Почему, когда редактор хвалит, то никого кругом нет, а когда вам мямлят, что плоховато, что надо доработать, то кругом толпа и даже любимая стоит тут же.

В тот час, когда у всех подъездов прощаются влюбленные.

Печальные негритянские хоры.

«Как тебе не стыдно бить жену в воскресенье, когда для этого есть понедельник, вторник, среда, четверг, пятница и суббота.

Как тебе не стыдно пить водку в воскресенье, когда для этого есть понедельник, вторник…

Как тебе не стыдно…»

Минск. Листья буфетной пальмы блестят, как зеленая кровля. Плитчатый одесский тротуар.

Столовая в Пуховичах, в сельскохозяйственном техникуме. Голубая комната, потолок, оклеенный обоями. Домашние кружевные занавески.

Дом со свежим лиловым цоколем недалеко от Пуховичей.

Грех Немезиды.

Левин съедает завтрак командующего.

Ильфа и Петрова томят сомнения – не зачислят ли их на довольствие как одного человека.

– У меня есть с собой вещества, – сказал фотограф.

Трехкотельная кухня. Один – для супов, второй для каш и пилавов, окружен глицериновой рубашкой, чтобы не подгорали (оба имеют топки), третий – для сладкого. Духовые помещения для утвари – противней, мясорубок, эмалированных мисочек – зависть домашних хозяек.

Прошла повозка с одетыми в зеленые чехлы медными трубами.

Внутренность танка. Вдоль стенок аптечные полки со снарядами.

Два близнеца – Белмясо и Белрыба.

Детская любовь к машине. Уверенность в том, что она может сделать все.

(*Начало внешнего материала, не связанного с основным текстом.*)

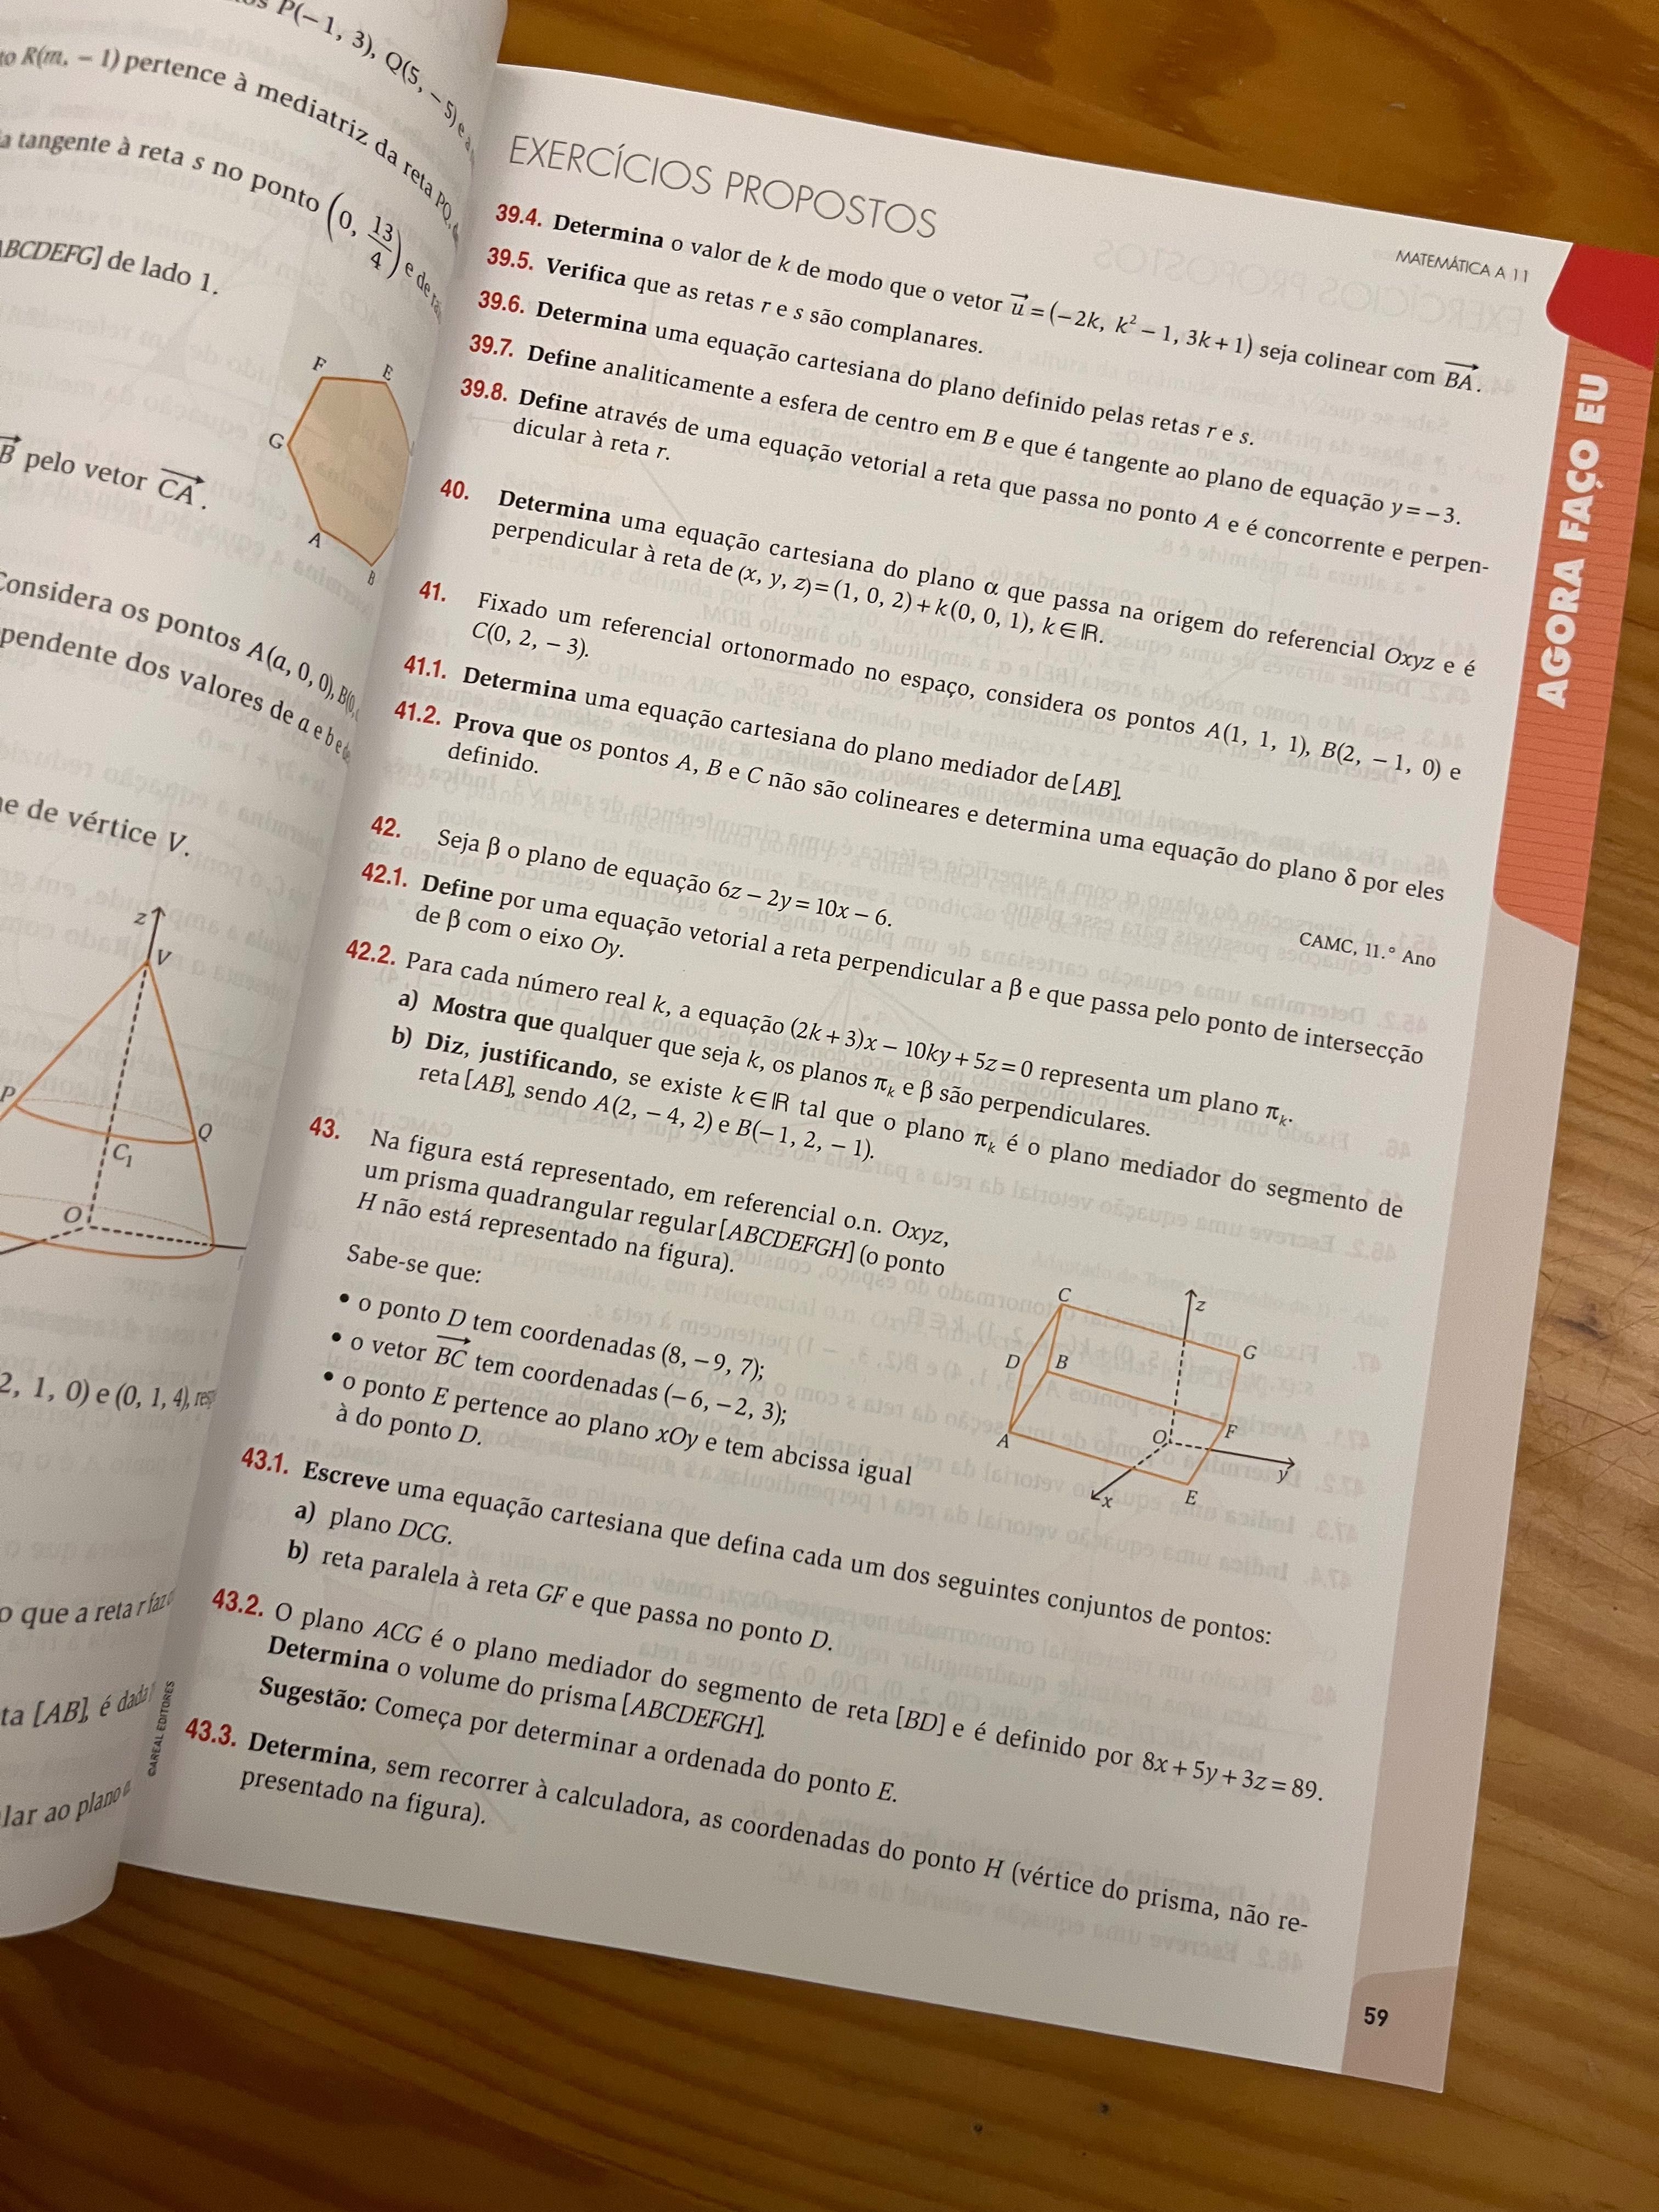 Livro “Preparar os testes” de Matemática de 11 ano

В соседней комнате внезапно поссорились врачи.

Ночью раскрылась дверь, показался комендант с крысоловным фонарем, кинул тюфяк, и на него молча бросился на постель и, видимо очень разозленный, сразу заснул.

Парикмахер с яркими зелеными петлицами.

Инспектор питания.

Бронепоезд (скульптура ранних кубистов).

Заяц считал, что вся атака направлена против него.

При виде танка самая хилая колхозная лошадь встает на дыбы.

Бронепоезд, декорированный зеленью.

Молодой командир, длинный, тонкий, ремни скрипят.

Атака танков через картофельное поле. Пушечные выстрелы. Поворот на пулеметы.

Атака пехоты на солнечной опушке.

– В уставе написано! – сказал он гневно.

Член Реввоенсовета сказал, что у меня вид обозного молодца.

Кладбище. Кресты, увешанные полотенцами и какими-то расшитыми фартучками.

Командир бронепоезда (бепо), похожий на Зощенко.

Фадеев, человек нерасторопный, наконец, дорвался до атаки и солнца. Но тут ему в рамку попал режиссер. И Фадеев ужасным голосом закричал: «Назад!», так что атакующие остановились и стали оглядываться.

– Это не вам, – сказал Фадеев. И разрешенная кинооператором атака продолжалась.

Дождь капает с каски, как с крыши, и стучит по каске, как по крыше.

Ходил в тяжелых сапогах, как на лыжах, не подымая ног.

Все прячутся, будто от солнца, под разными кустиками. А на деле все готовы в любую минуту броситься.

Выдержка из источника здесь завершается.